Large Cap Commentary – March 2015

20 April 2015

In like a lion, out like a lamb.  The winter of 2015 was not overwhelming for those of us in the Midwest and because of that I believe most of us expected a steady progression into Spring.   However, March came along and people were forced to double check their calendars.  Sure enough, it was still winter.  The markets, however, have been very tame on a year-to-date basis.  The S&P 500® Index has risen all of 0.5%.  Not negative, which is a good thing, but hardly the 30%+ upward move we enjoyed in 2013, or the more ordinary 12% rise of last year.

Lately, we have been saying we believe the market is more fairly valued, with large companies priced around 16 times forward earnings estimates.  This year there have been two headwinds that have impacted the market, and in particular, large cap stocks.  First, is the rise of the dollar; second, is the collapse of the energy sector.  The dollar’s rise makes translation of foreign sales smaller –  a Euro of earnings isn’t worth as much in dollars as it was last year.  This affects companies with foreign business exposure and tends to impact larger companies (which do more business overseas) to a greater degree than smaller companies.

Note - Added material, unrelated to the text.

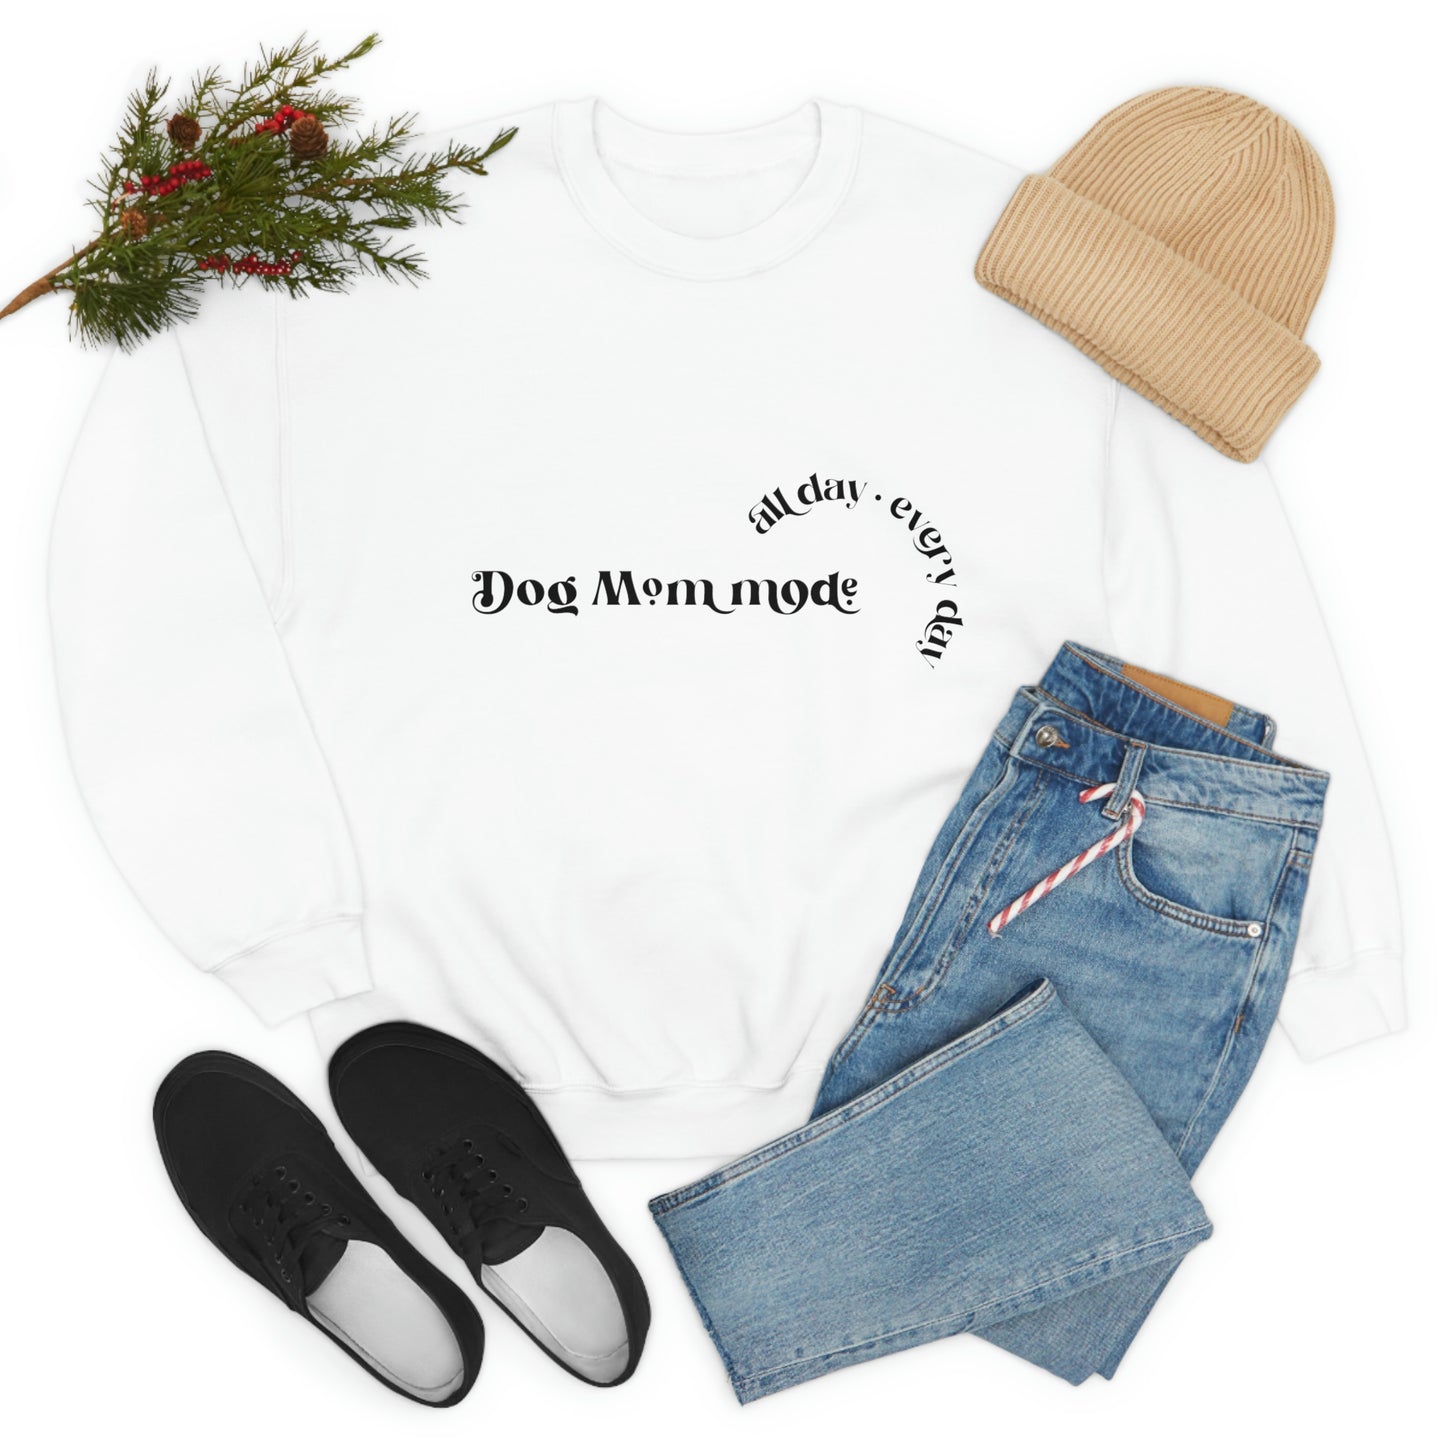 Dog Mom Mode All Day Everyday Crewneck Sweatshirt

The collapse of oil prices and the depressant fallout on the energy sector directly impacts oil exploration and production companies as well as oil service companies.  Secondary impacts include industrial companies which provide heavy equipment for oil exploration and transport companies which move product, to name just two.  Suffice it to say, while lower gasoline prices benefit consumers, they do not come without other associated costs.

These two headwinds, the stronger dollar and weaker energy prices, have lowered expected earnings for the market as a whole, creating a less positive backdrop for investing.  In fact, the current environment is unlike one we have experienced for several years.  When we at Argent Capital invest in a company, one confirmation of our investment thesis is rising earnings estimates as companies report quarterly results.  Clearly, the current market is not passing this litmus test.

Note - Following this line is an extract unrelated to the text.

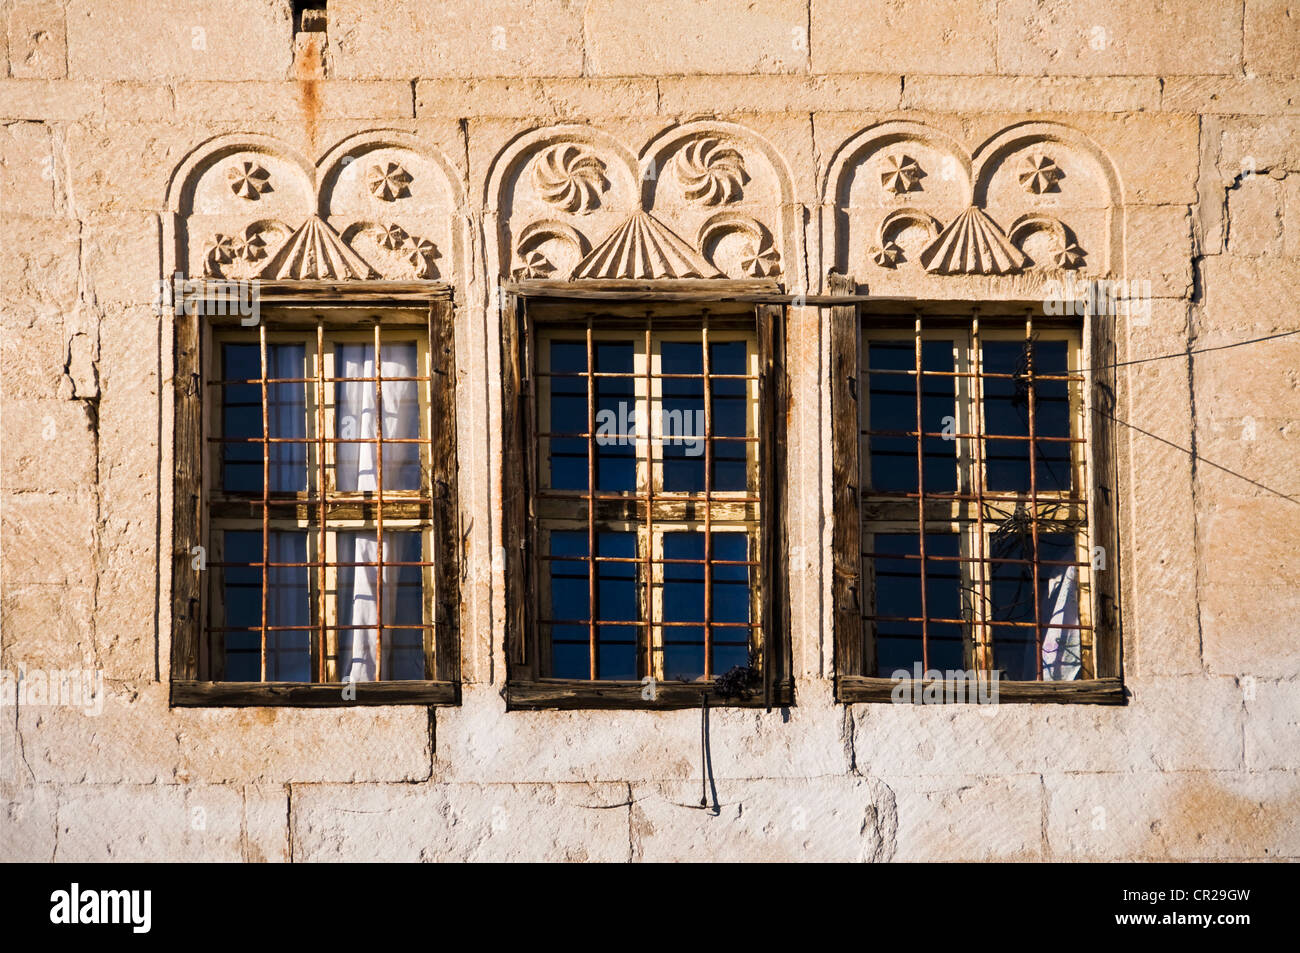 Drei orientalische Fenster - Ürgüp, Cappadocia - Türkei Stockfoto

While it is fair to say that this environment is more difficult for investing as a whole, it is not necessarily more difficult for us at Argent.  Remember, our strategy of selectivity produces a relatively concentrated portfolio of 30 – 35 stocks.  While the majority of earnings estimates of stocks in the S&P 500 may be falling, that does not mean all stocks are experiencing the same trend.  Our job at Argent is to find those few, unique companies that have firm-specific drivers of growth and profits to give these companies an inherent advantage over the average stock.   This adherence to process serves us well in all market environments.  In the first quarter of 2015, our portfolio returned 5.59% (gross of fees) compared to 0.95% for the S&P 500.  More importantly, while we always know things can change, our longer-term performance is also very favorable.

As always, we appreciate your interest in Argent Capital Management.


Ken Crawford

Senior Portfolio Manager

 

Views expressed herein represent the opinion of the portfolio manager as of the date above and are subject to change.  Past performance is no guarantee of future results.